Revised February 25, 2022
February 23, 2022


Thomas Etergino
Via Email

    Re: Offer of Employment by 1stDibs

Dear Tom,
I am pleased to offer you a position at 1stdibs.com, Inc. (the “Company”). We believe that each person here will contribute directly to the growth and success of the Company, and we look forward to having you as a member of our team. In addition to confirming the offer, this letter describes the terms of conditions of your employment.
Title. Your title will be Chief Financial Officer. In this position, you will report to the Chief Executive Officer (“CEO”), and you will perform all duties and responsibilities consistent with this position or as may be assigned to you periodically by the CEO.
Start Date. Your employment will commence on March 28, 2022 (the “Start Date”).
Location. Your primary work location will be your home office in New Canaan, Ct in accordance with the Company’s Flexibility First and remote work policies in effect at the time. You understand that the Company may require that you otherwise report to a Company office as may be necessary to fulfill your responsibilities.
Base Salary. You will receive a bi-weekly base salary of $15,384.61, for an annual equivalent of $400,000.00 (the “Base Salary”), payable according to the Company’s usual payroll practices, less applicable withholding and taxes as required by law.
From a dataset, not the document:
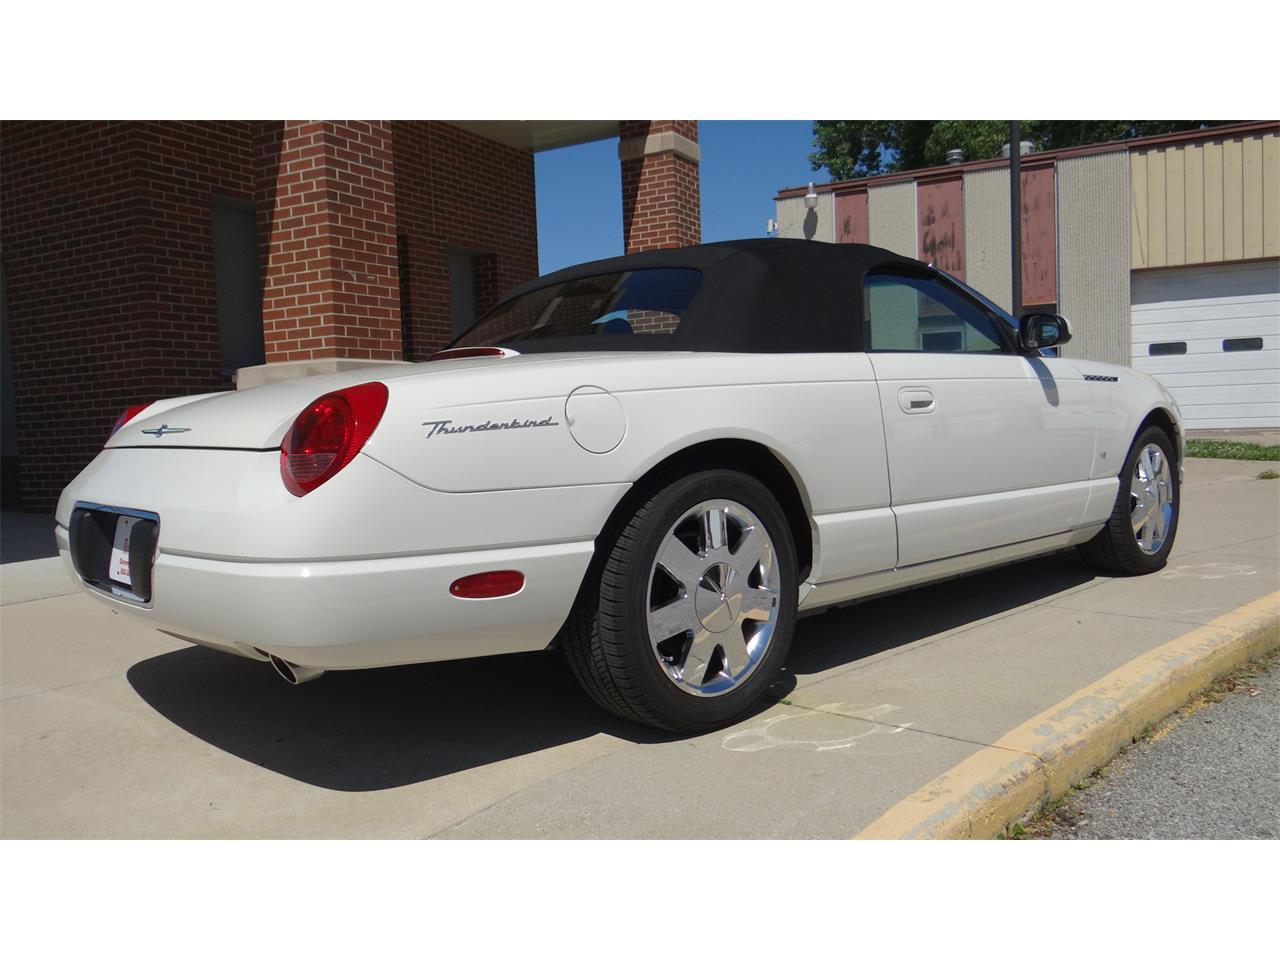 2003 Ford Thunderbird (CC-1357302) for sale in Davenport, Iowa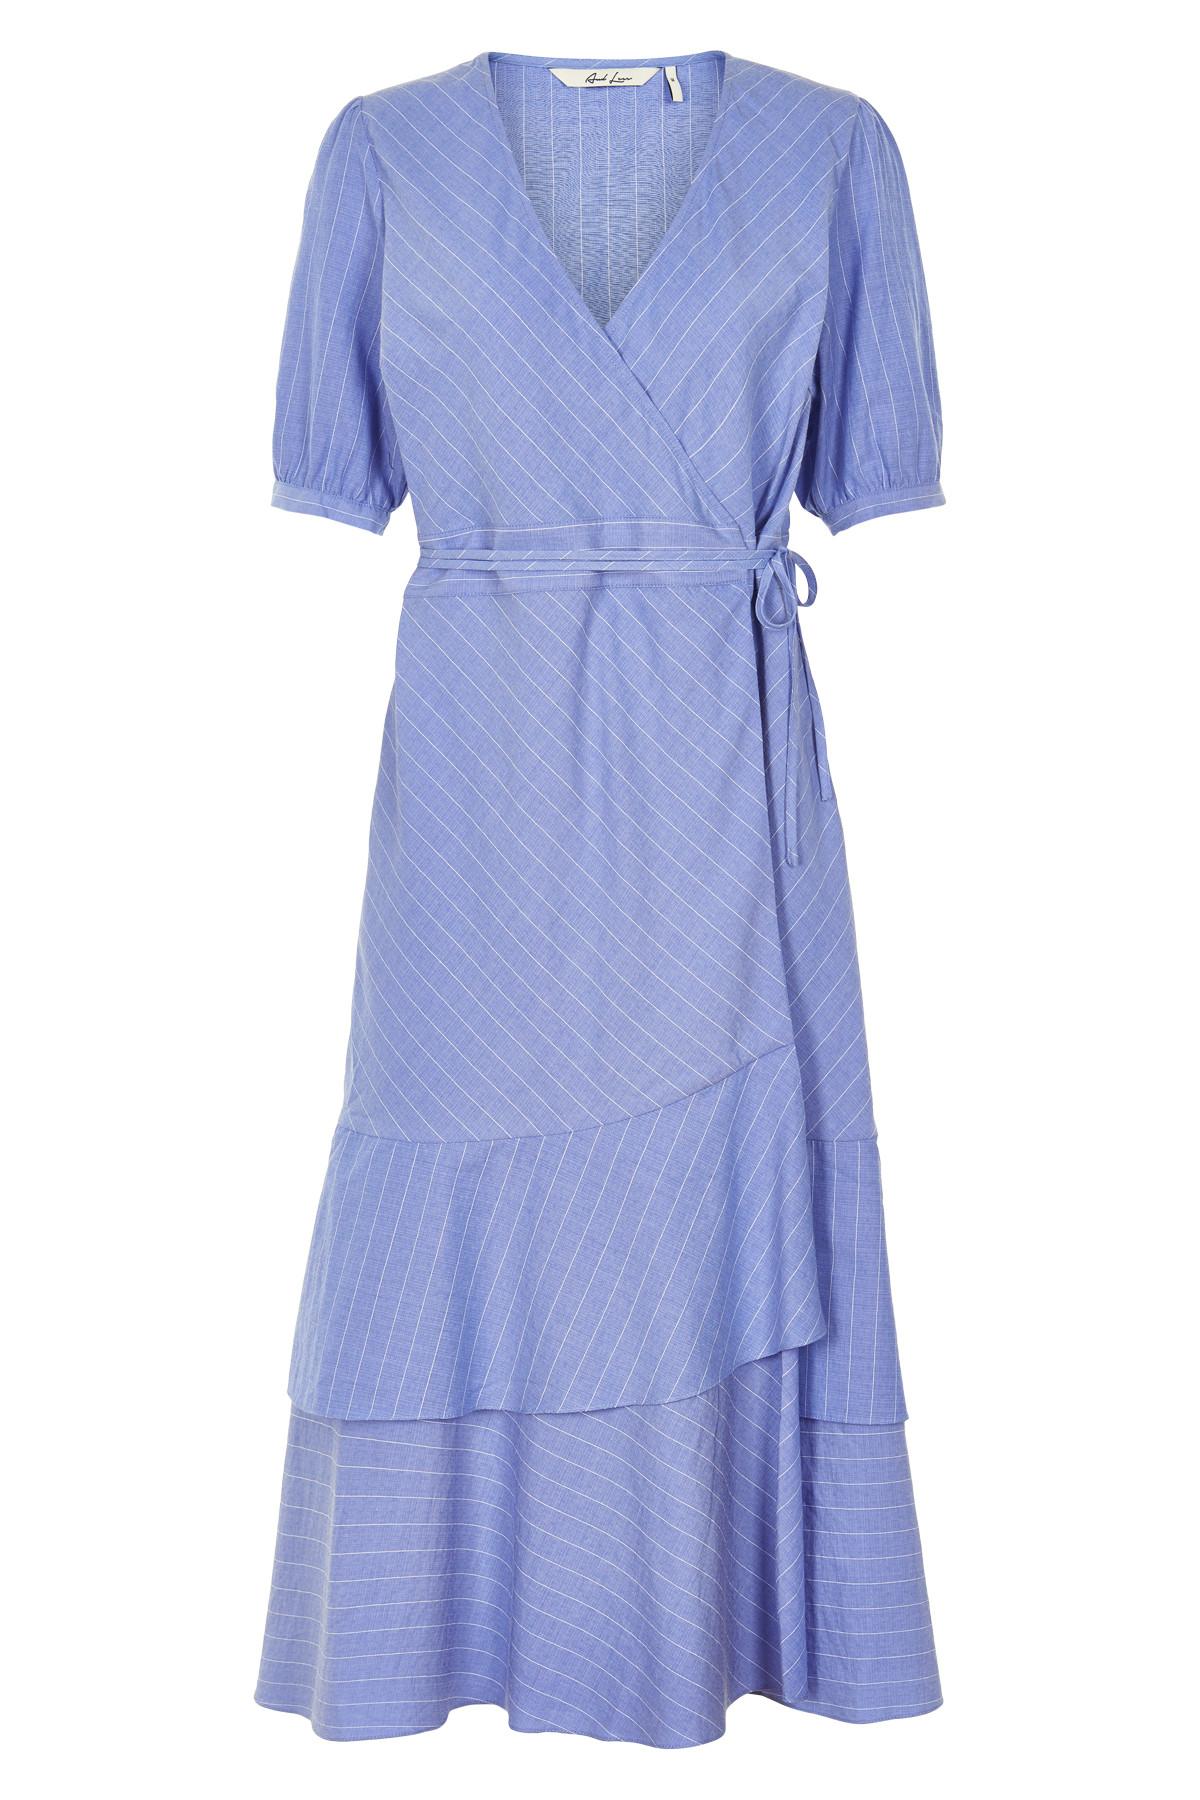 Image of   AND LESS PIOLAA KJOLE 5219803 (Blue Stripe, 38)

Your annual salary will be prorated as necessary to reflect the actual days of employment completed by you during the first calendar year of your employment. This is a full-time, exempt position, meaning you will not be eligible for overtime compensation.
Executive Bonus. You will be eligible for an annual target bonus of $250,000, less applicable withholding and taxes as required by law, in accordance with, and subject to the terms and condition of, the annual performance bonus plan established by the Company from time to time for similarly situated employees. Any such bonus will be based on the achievement of goals and milestones established by the Company in its sole discretion, and the Company in its sole discretion may amend or terminate any such bonus plan at any time. Notwithstanding the above, your annual bonus target for 2022 will be $250,000.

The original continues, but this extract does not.